About this exercise | Restate exactly, and only, the lines from the one with "Play’n GO vs Pragmatic Play" through the end of the data, with both of those end lines kept. Drop any pictures.

Recorded information |
=== Section Start ===

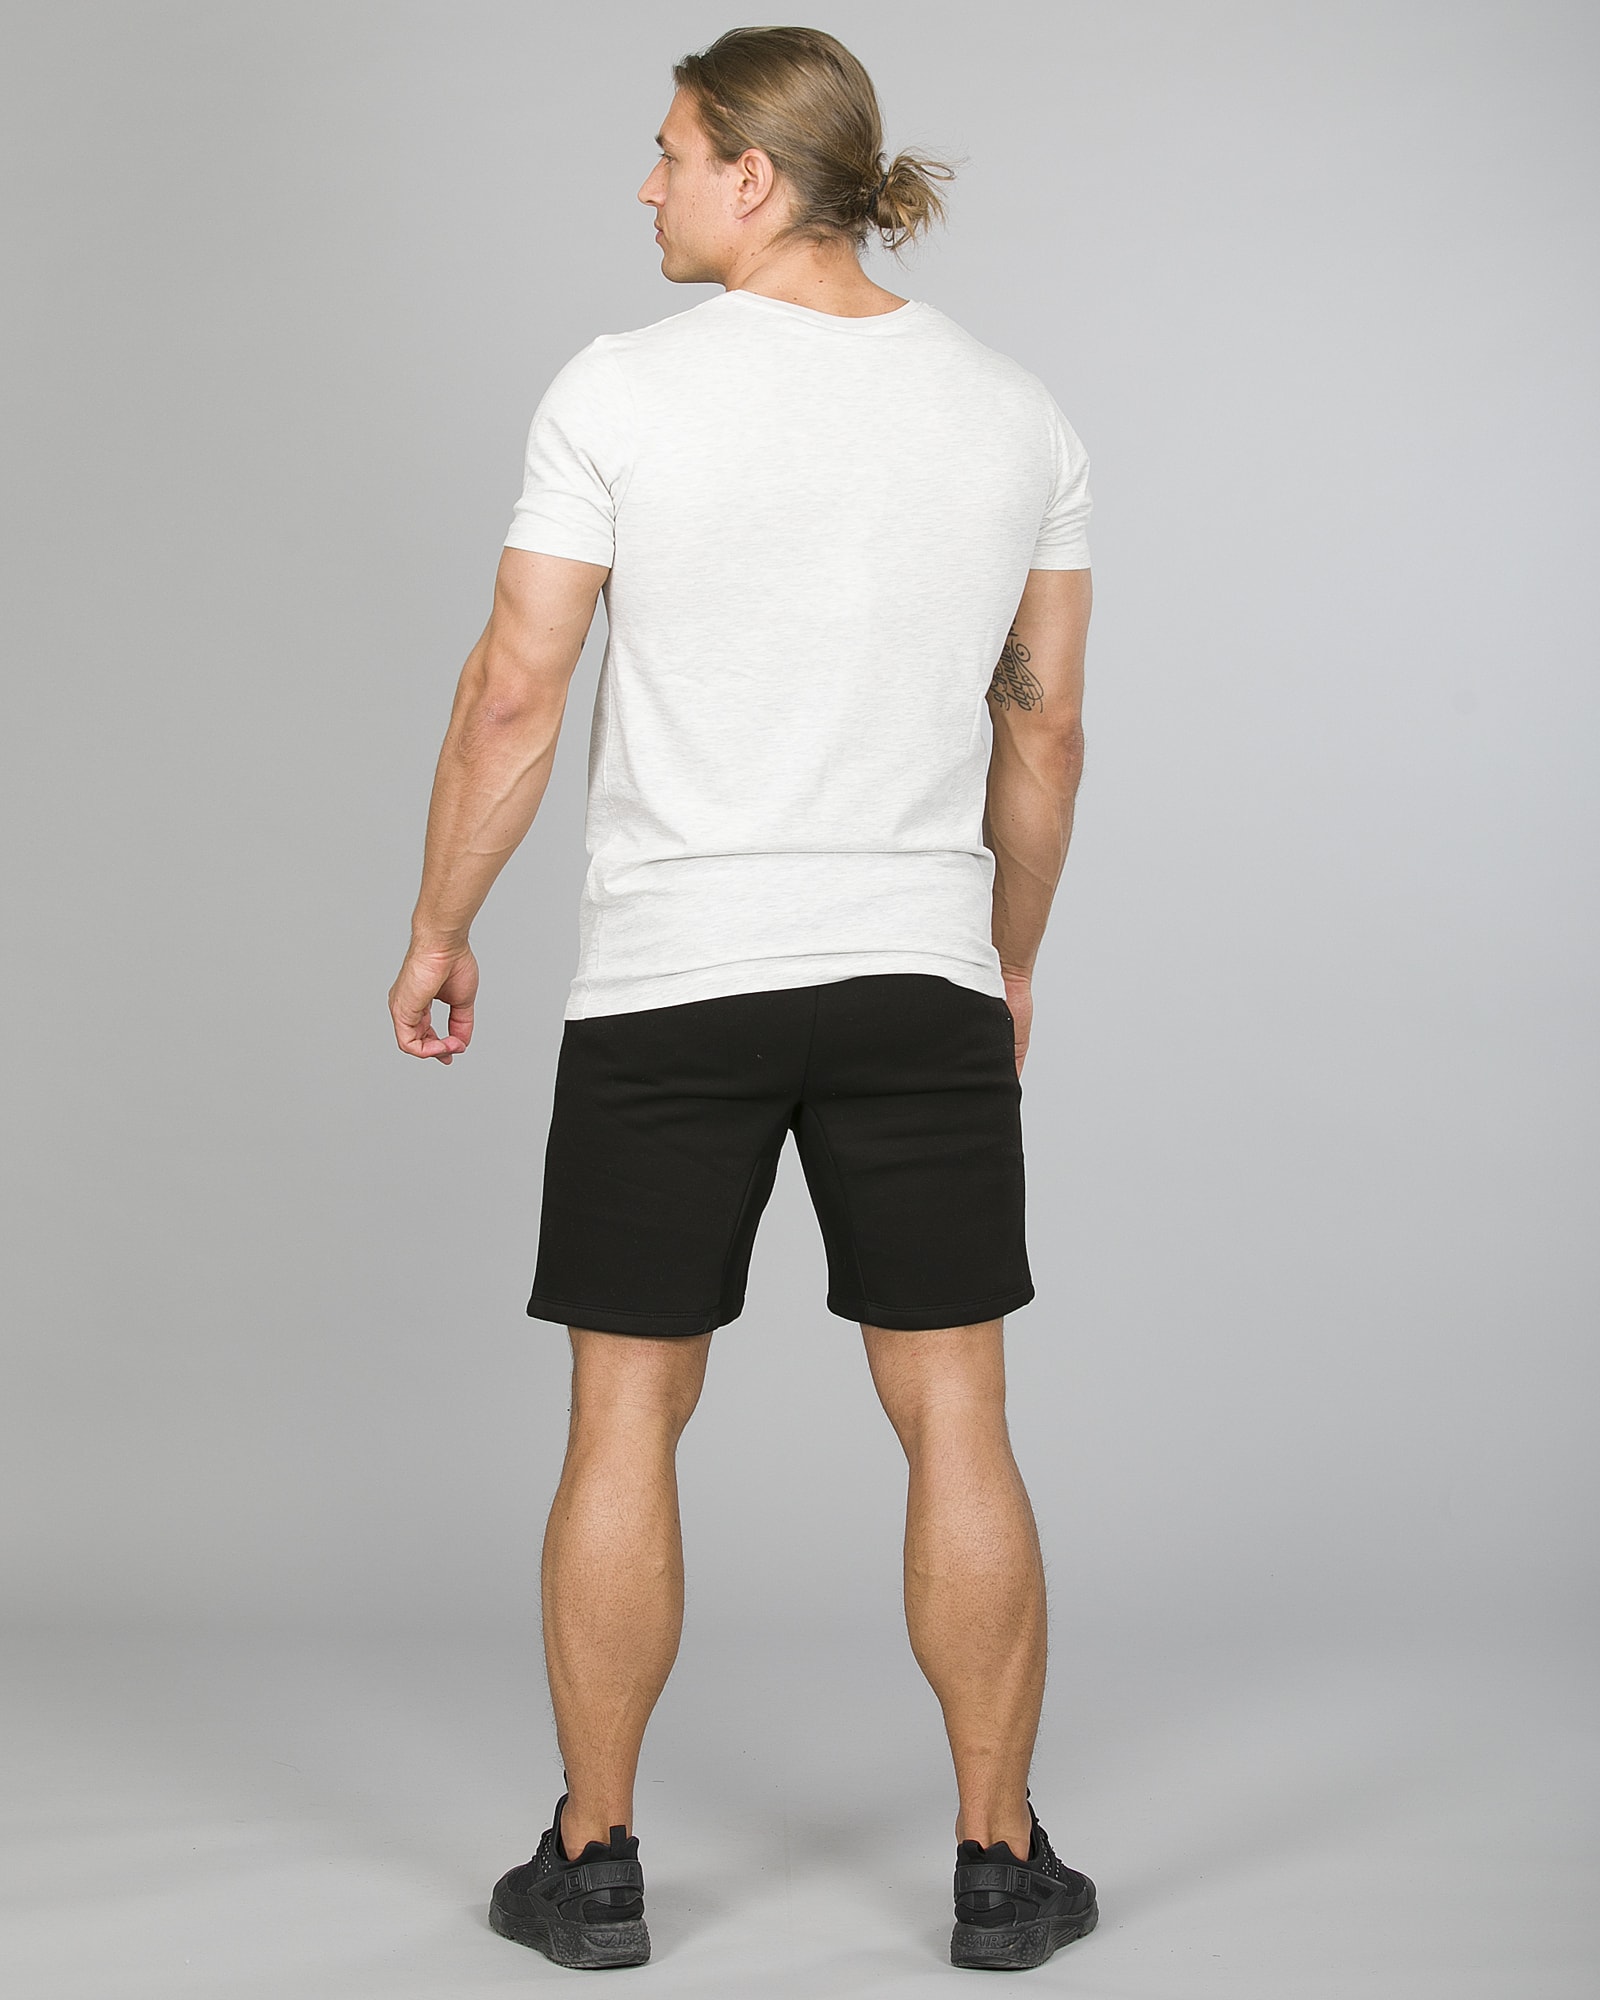 Hype Script T-Shirt Men ss18005 Charcoal and Crest Shorts ss18336b Black c
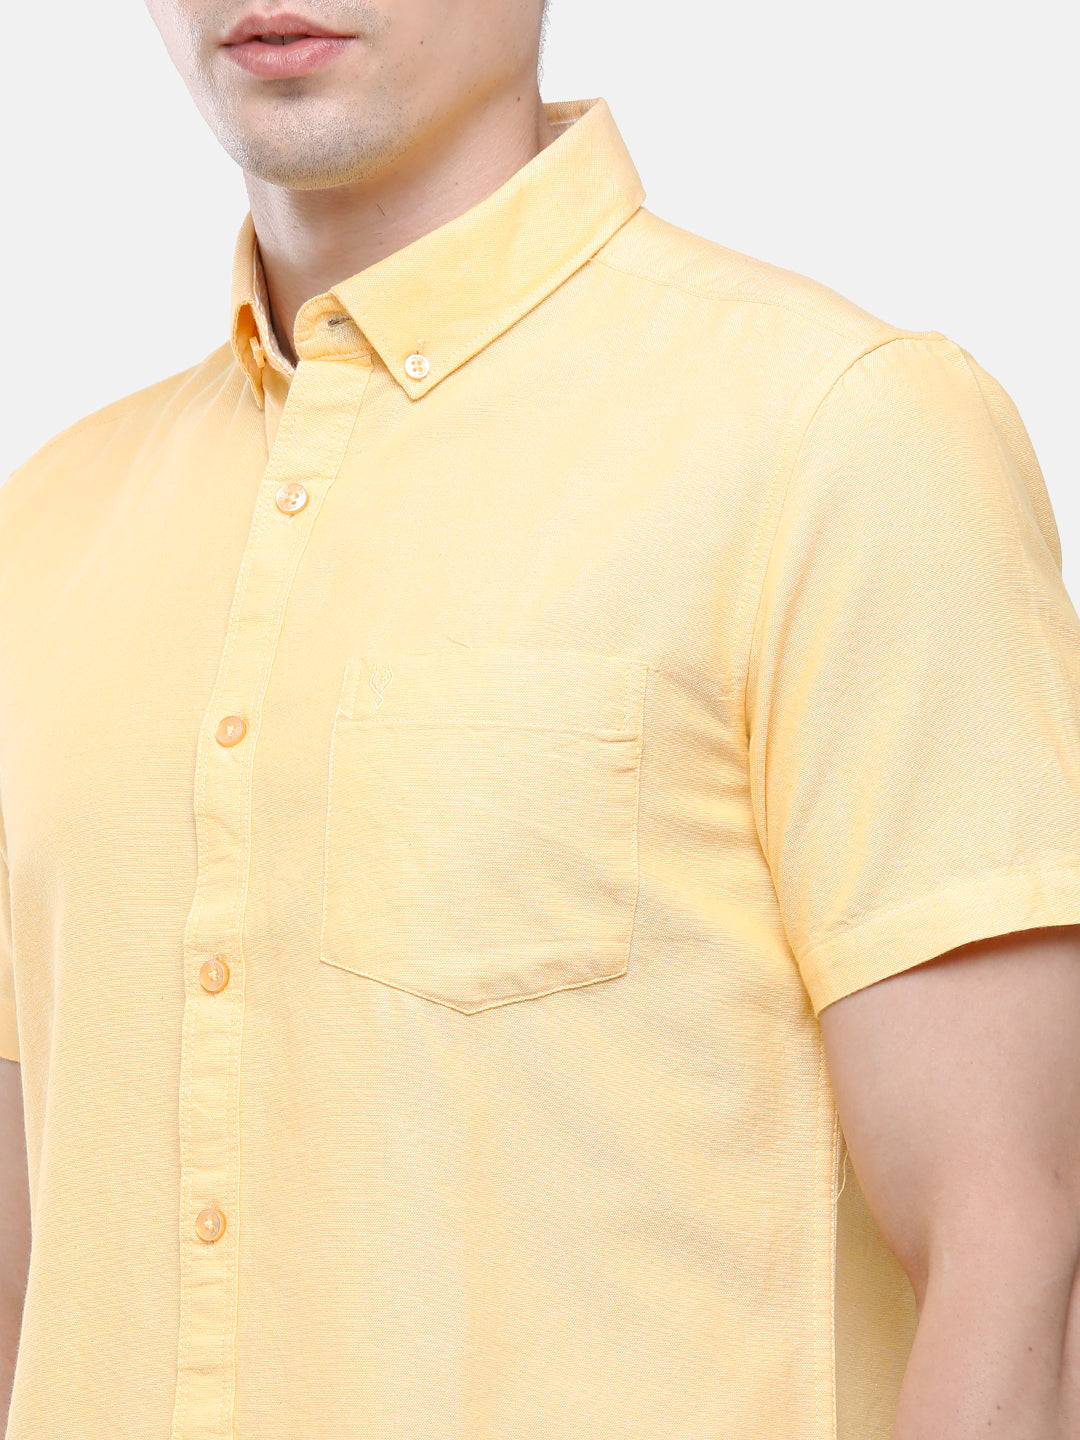 Classic Polo Men's Cotton Yellow Solid Half Sleeve Shirt - Enzo-Yellow-Mf-Hs
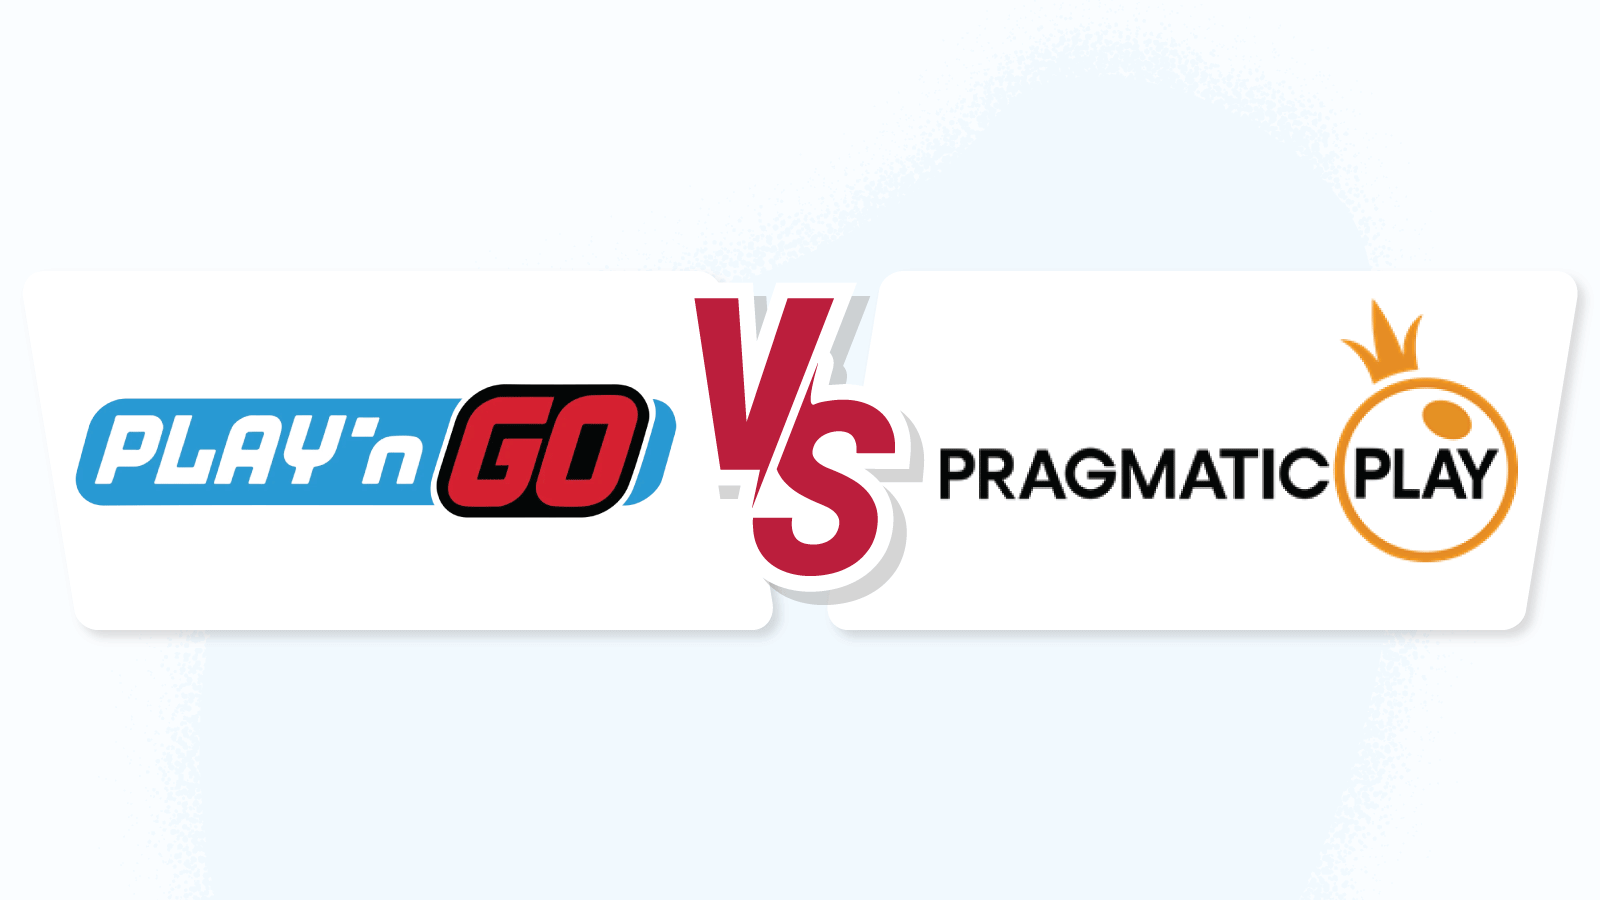 Play’n GO vs Pragmatic Play
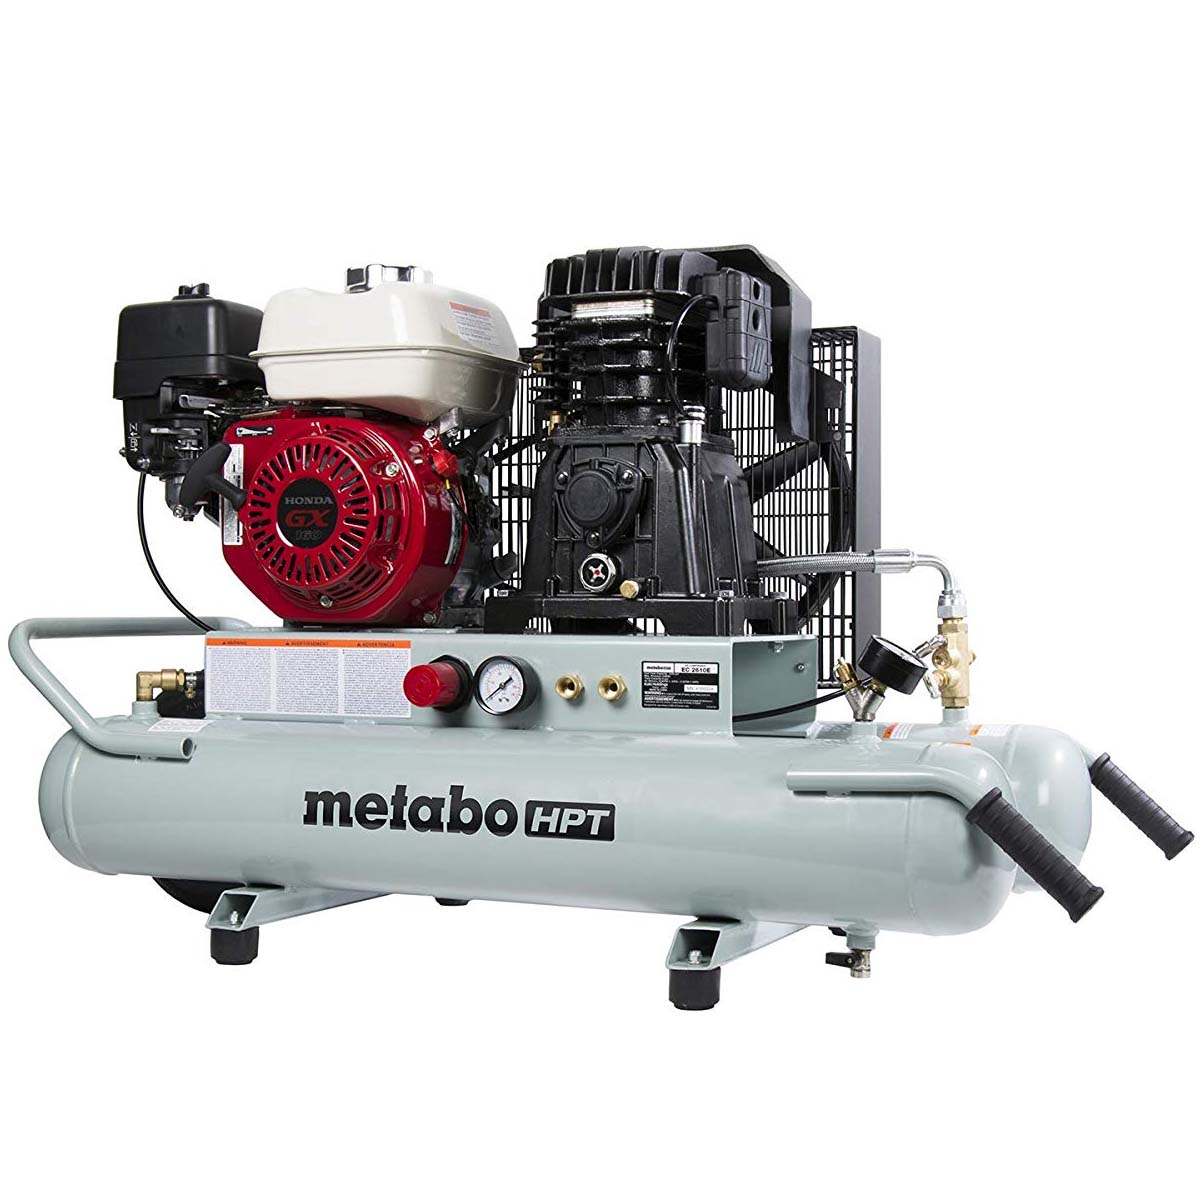 Metabo HPT 8-Gallon Gas Powered Wheelbarrow Air Compressor Helpful 2

=== Section End ===

Exercise result |
 Play’n GO vs Pragmatic Play
 Metabo HPT 8-Gallon Gas Powered Wheelbarrow Air Compressor Helpful 2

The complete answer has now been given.